Die Anordnung der Haft ist geboten. Bei dem Verfolgten besteht Fluchtgefahr gemäß § 15 Abs. 1 Nr. 1 IRG. Er muss im Falle seiner Verurteilung mit einer empfindlichen Bestrafung rechnen. Mit der vereinfachten Auslieferung hat er sich nicht einverstanden erklärt und auch sonst keine Angaben gemacht, die Gewähr dafür bieten würden, dass er sich dem Verfahren freiwillig stellt. Dagegen spricht im übrigen, dass er erst im Jahre 2007 mit seiner Familie in die Bundesrepublik Deutschland zugezogen ist, bislang keiner Ausbildung oder Erwerbstätigkeit nachgegangen ist und als Intensivtäter geführt wird.

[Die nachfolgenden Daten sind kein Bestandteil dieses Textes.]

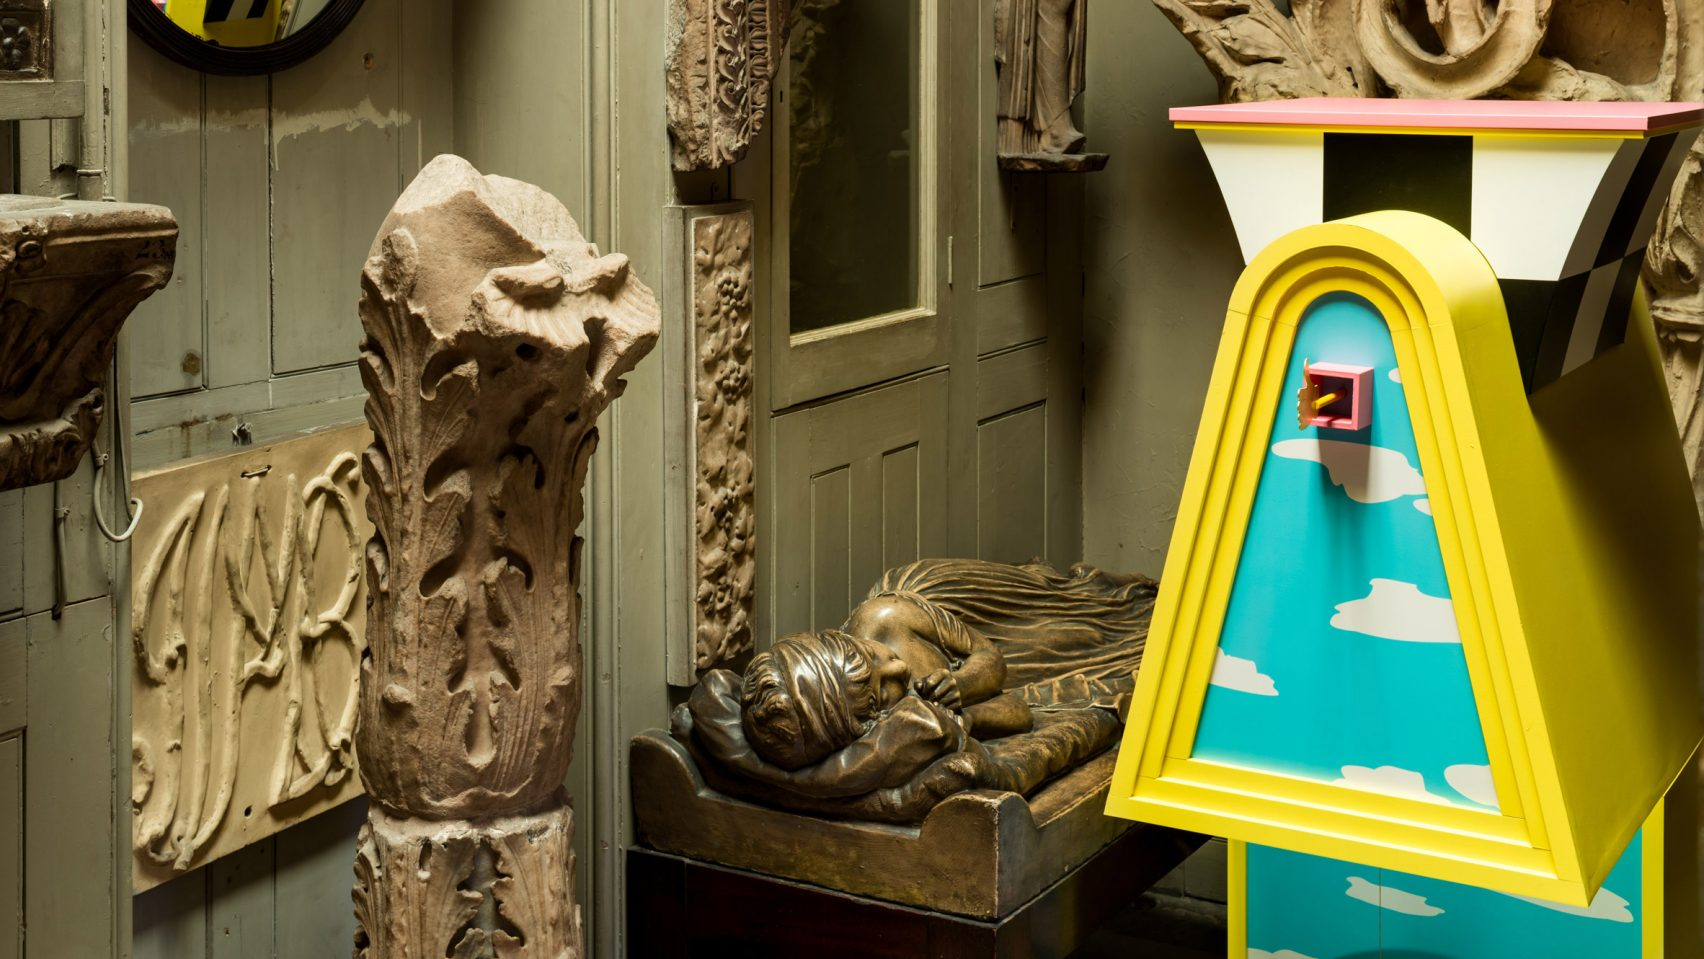 john-soane-architectural-characters-installation-london-uk_dezeen_hero-1704x959.jpg

Damit sind auch die Voraussetzungen für eine Haftverschonung nicht ersichtlich.
IV.
Die Beschränkungen gem. § 119 Abs. 1 S.2 Ziff.1-3 StPO (d.h.: Notwendigkeit von Besuchs- und Telefonerlaubnis, Überwachung von Außenkontakten, und das Verbot der Übergabe von Gegenständen) werden angeordnet. Die Ausführung wird auf die Generalstaatsanwaltschaft Köln übertragen (§ 119 Abs. 2 S.2 StPO).
Der Verfolgte kann jederzeit eine Änderung einer Beschränkung durch gerichtliche Entscheidung des Senats beantragen.